ETA2022 Oral Presentations Oral Session 3: Advanced Thyroid Cancer (5 abstracts)
1Instituto Português de Oncologia de Lisboa, Instituto Português de Oncologia de Lisboa Francisco Gentil, Endocrinology, Lisbon, Portugal; 2Instituto Portugues de Oncologia Francisco Gentil, Unidade de Investigação Em Patobiologia Molecular, Portugal; 3Instituto Portugues de Oncologia Francisco Gentil, Pathology, Portugal; 4Unidade de Investigação Em Patobiologia Molecular, Instituto Português de Oncologia de Lisboa Francisco Gentil, Instituto Portugues de Oncologia Francisco Gentil, Unidade de Investigação Em Patobiologia Molecular Ipolfg (Uipm), Portugal; 5Instituto Portugues de Oncologia Francisco Gentil, 2unidade de Investigação Em Patobiologia Molecular Ipolfg (Uipm), Portugal; 6Instituto Portugues de Oncologia Francisco Gentil, Radiology, Portugal; 7Servico de Endocrinologia, Instituto Português de Oncologia de Lisboa, Nova Medical School | Faculdade de Ciências Médicas, Lisboa Codex, Portugal; 8Unidade de Investigação Em Patobiologia Molecular (Uipm), Instituto Português de Oncologia de Lisboa Francisco Gentil, Unidade de Investigação Em Patobiologia Molecular Ipolfg (Uipm), Lisboa, Portugal
Introduction and objectives: Anaplastic thyroid cancer (ATC) has a very low overall survival (OS) and progression free survival (PFS) due to fast growth and resistance to non-target therapies. A recent phase II study showed a dramatic increase in OS and PFS of BRAF V600E mutated ATC patients treated with Dabrafenib and Trametinib (DT). However as commonly reported in melanoma durable responses in ATC may be compromised by resistance mechanisms. Until now only a few case reports and a small case series has been published. We present our experience with DT in BRAF-positive ATC patients and compare the outcomes with usual therapy. In addition, we studied the molecular alterations at baseline and during progression in DT group.
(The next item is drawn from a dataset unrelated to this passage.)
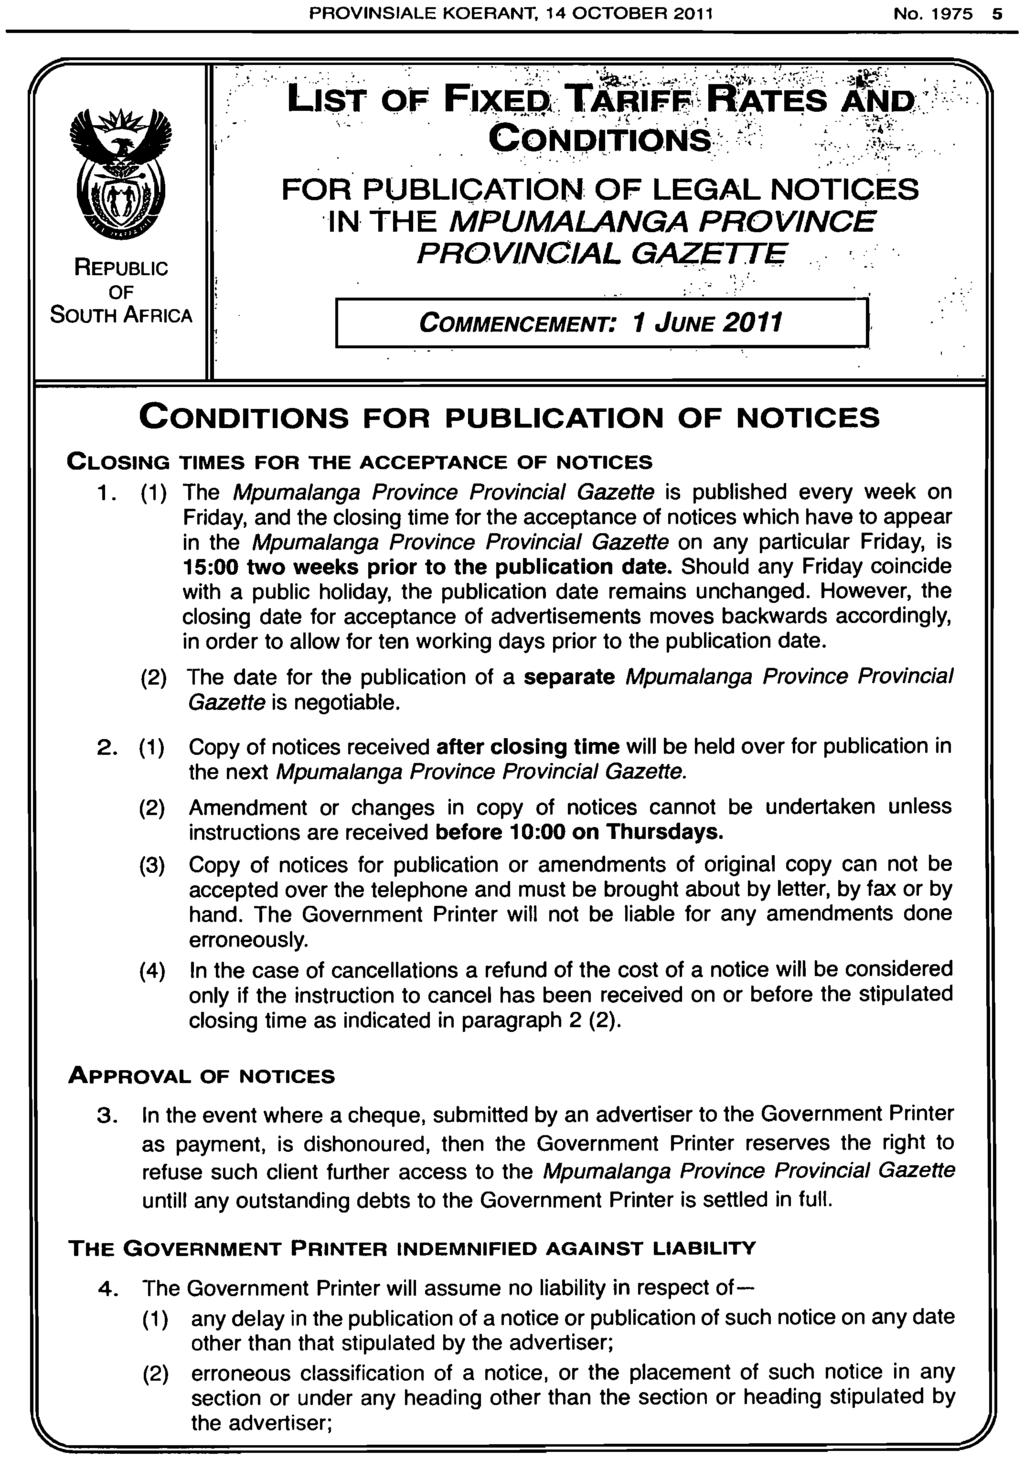 PROVINSIALE KOERANT. 14 OCTOBER 2011 No. 1975 5 REPUBLIC OF SOUTH AFRICA FOR' PUBLICATION: OF LEGAL NOTICES 'IN' "the MPUMALANGA PROVINCE PROVINCIAL GAZETTE.

Materials and methods: ATC patients treated between May 2018 and October 2021 were included. BRAF positive patients underwent next generation sequencing (NGS) at baseline and at progression. Bioinformatic analyses filtered and selected relevant somatic genomic variants. Patients were classified in the following groups: BRAF WT under compassionate care (CC); BRAF wild type (WT) under multimodal therapy (MT) with surgery, radiotherapy ± chemotherapy or lenvatinib and BRAF V600E treated with DT. Response was assessed monthly in the first 6 months and then every 3 months by RECIST 1.1: OS, PFS, duration of response (DOR) was estimated with Kaplan-Meier method and compared with log-rank test.
Results: 27 ATC patients were included (CC=10, MT=8 and DT=9). Median follow-up was 24, 96 and 410 days for CC, MT and DT respectively due to differences in survival time. Median OS was 39, 156 and 475 days for CC, MT and DT respectively (P<0.001). At 12 months only patients in the DT group were alive (71%). Median PFS and DOR were 270 and 215 days, respectively (MT group<32 days) (P<0.001). In the DT group only 1 patient needed trametinib dose reduction to 225 mg/d and no G3 adverse events were reported. Molecular profiling by NGS showed that the nine patients in the DT group had a BRAF V600E and a TERTp mutation at baseline. In one of the four clinical disease progressions during DT treatment a pathogenic NRAS mutation was found.
Conclusions: Our results show a significant real-world efficacy of DT in both OS and PFS compared with contemporary standard treatment with a good safety profile. Molecular profiling allowed the patient with RAS mutations to change treatment strategy.